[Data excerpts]
● ● ●
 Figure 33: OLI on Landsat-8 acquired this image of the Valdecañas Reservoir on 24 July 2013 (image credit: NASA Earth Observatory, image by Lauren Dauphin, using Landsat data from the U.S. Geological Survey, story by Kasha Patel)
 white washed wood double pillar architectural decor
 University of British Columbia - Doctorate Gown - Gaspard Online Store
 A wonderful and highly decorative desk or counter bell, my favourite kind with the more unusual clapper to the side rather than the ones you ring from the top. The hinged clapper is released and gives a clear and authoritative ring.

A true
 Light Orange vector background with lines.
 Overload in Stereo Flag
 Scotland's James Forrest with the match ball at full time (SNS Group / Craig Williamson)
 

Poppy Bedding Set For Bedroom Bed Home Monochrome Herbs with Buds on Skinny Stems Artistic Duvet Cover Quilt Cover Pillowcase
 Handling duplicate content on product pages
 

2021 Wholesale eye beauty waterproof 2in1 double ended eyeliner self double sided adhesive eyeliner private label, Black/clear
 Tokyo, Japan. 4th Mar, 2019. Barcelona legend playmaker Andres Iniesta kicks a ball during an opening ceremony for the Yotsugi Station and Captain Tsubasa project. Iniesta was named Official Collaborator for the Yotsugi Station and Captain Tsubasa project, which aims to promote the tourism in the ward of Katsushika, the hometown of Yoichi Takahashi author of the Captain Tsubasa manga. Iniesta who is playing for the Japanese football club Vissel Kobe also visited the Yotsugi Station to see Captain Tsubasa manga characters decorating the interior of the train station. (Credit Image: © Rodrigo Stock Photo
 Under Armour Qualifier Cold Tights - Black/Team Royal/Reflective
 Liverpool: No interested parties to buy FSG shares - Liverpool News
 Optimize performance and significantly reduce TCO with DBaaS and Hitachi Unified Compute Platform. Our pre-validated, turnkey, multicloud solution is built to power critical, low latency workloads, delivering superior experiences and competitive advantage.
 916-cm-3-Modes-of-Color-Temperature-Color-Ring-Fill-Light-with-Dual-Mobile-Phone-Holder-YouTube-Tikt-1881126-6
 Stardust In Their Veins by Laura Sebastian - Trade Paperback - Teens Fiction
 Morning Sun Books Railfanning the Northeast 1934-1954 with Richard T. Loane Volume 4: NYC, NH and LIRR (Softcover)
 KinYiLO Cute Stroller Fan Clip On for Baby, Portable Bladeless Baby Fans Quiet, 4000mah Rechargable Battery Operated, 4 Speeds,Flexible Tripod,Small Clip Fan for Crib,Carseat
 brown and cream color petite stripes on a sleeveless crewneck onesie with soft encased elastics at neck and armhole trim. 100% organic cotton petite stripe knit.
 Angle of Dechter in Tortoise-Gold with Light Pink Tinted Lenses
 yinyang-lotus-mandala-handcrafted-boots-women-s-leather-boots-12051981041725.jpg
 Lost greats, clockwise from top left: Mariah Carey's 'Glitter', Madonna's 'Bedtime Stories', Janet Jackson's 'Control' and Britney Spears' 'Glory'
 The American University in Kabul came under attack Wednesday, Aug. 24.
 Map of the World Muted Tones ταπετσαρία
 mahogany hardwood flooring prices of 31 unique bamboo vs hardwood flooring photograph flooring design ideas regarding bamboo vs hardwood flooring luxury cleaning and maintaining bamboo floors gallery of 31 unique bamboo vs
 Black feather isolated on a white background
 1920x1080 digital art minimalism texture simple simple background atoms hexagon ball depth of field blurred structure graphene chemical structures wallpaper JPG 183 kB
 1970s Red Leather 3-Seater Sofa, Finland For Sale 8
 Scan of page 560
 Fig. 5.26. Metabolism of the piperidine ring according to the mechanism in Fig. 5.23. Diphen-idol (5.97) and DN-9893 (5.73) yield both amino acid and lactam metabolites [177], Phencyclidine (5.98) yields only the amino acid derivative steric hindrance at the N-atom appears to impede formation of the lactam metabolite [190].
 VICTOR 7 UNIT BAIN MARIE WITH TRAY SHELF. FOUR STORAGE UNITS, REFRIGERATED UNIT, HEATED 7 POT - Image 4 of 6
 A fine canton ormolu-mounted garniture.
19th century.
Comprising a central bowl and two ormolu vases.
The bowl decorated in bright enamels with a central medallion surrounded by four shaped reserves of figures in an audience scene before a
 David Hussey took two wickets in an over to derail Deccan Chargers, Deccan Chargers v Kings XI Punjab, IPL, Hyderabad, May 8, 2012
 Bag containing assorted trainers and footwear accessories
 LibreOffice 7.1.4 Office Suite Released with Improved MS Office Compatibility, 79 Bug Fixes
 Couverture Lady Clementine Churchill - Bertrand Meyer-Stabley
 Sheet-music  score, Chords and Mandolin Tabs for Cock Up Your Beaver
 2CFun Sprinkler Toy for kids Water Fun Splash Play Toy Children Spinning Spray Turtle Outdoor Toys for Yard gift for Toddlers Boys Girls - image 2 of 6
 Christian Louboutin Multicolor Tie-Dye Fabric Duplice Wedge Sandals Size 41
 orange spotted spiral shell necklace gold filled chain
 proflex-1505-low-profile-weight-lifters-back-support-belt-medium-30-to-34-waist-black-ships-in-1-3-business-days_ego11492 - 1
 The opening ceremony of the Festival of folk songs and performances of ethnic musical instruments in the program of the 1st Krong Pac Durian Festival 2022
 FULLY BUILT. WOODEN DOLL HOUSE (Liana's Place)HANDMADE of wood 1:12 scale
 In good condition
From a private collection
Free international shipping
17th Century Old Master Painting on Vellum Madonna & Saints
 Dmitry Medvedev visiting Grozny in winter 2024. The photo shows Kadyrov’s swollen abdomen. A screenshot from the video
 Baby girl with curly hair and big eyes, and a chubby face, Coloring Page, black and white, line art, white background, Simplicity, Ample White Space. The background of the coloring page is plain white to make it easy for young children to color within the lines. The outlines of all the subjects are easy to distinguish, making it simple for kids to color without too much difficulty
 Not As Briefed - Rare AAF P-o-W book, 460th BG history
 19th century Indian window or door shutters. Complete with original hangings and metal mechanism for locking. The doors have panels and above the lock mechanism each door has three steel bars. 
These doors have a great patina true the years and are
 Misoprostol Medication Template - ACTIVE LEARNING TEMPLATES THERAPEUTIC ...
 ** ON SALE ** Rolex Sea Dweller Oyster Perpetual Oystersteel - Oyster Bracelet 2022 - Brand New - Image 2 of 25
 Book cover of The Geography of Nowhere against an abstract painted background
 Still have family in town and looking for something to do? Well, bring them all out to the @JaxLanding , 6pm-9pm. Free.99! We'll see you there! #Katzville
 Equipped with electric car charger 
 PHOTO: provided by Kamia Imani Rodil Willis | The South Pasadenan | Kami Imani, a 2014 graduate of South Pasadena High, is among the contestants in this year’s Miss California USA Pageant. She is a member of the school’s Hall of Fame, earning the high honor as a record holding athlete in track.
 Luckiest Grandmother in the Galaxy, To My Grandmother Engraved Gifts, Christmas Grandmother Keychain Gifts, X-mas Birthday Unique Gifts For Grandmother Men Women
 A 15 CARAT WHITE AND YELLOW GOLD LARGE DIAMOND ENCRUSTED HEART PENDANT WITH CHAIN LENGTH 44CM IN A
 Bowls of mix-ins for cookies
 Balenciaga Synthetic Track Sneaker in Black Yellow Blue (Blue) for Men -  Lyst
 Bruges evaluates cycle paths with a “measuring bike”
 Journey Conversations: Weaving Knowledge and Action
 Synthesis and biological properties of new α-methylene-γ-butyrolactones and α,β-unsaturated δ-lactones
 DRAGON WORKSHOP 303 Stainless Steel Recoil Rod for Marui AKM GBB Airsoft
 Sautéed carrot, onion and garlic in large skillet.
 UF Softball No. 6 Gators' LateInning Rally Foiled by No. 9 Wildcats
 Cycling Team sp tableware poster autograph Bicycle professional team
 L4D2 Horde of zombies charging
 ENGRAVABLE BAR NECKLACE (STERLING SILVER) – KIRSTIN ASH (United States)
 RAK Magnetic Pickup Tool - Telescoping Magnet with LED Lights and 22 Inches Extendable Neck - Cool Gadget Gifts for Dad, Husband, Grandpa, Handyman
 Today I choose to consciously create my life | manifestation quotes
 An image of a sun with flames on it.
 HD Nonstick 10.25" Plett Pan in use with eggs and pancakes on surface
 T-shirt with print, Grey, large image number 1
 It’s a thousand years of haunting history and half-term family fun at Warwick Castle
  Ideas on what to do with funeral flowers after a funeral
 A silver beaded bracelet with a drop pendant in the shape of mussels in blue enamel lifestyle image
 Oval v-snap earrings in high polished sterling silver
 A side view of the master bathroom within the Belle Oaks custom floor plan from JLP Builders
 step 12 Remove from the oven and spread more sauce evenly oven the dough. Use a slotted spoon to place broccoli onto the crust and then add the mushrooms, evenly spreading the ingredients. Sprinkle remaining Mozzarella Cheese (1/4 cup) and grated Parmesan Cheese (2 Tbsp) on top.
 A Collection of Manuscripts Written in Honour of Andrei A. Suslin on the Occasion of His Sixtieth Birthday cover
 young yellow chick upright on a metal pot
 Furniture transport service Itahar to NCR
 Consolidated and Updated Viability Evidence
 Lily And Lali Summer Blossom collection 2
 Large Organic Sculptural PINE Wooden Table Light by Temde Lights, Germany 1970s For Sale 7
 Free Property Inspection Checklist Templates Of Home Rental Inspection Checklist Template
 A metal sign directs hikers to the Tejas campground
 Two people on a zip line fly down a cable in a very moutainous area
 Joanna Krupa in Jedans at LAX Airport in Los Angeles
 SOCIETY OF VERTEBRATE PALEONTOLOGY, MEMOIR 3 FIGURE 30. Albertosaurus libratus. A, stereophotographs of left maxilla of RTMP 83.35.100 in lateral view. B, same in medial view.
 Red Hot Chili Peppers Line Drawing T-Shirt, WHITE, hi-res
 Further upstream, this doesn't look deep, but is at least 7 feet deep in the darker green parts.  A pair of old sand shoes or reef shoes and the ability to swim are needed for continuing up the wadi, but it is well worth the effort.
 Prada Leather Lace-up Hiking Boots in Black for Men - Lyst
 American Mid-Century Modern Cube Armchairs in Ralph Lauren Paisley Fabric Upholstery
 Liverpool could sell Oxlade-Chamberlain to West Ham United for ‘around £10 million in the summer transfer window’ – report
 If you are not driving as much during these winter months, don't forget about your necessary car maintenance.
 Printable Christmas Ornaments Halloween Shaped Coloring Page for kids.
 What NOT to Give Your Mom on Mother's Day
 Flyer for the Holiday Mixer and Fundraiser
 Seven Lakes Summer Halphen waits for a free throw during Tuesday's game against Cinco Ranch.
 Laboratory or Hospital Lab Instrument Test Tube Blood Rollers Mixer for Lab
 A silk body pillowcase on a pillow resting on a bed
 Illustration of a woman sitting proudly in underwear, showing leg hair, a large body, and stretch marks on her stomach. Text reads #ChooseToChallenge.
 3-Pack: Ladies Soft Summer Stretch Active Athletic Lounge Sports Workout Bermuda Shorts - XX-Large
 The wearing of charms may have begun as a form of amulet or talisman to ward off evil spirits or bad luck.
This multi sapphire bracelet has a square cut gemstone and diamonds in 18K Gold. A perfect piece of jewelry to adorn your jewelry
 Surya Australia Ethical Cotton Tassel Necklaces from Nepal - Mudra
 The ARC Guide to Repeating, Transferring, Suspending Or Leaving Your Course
● ● ●
* Work task: The answer should be all lines from the entries above that hold the word "more".

* Exercise solution:
 A wonderful and highly decorative desk or counter bell, my favourite kind with the more unusual clapper to the side rather than the ones you ring from the top. The hinged clapper is released and gives a clear and authoritative ring.
 step 12 Remove from the oven and spread more sauce evenly oven the dough. Use a slotted spoon to place broccoli onto the crust and then add the mushrooms, evenly spreading the ingredients. Sprinkle remaining Mozzarella Cheese (1/4 cup) and grated Parmesan Cheese (2 Tbsp) on top.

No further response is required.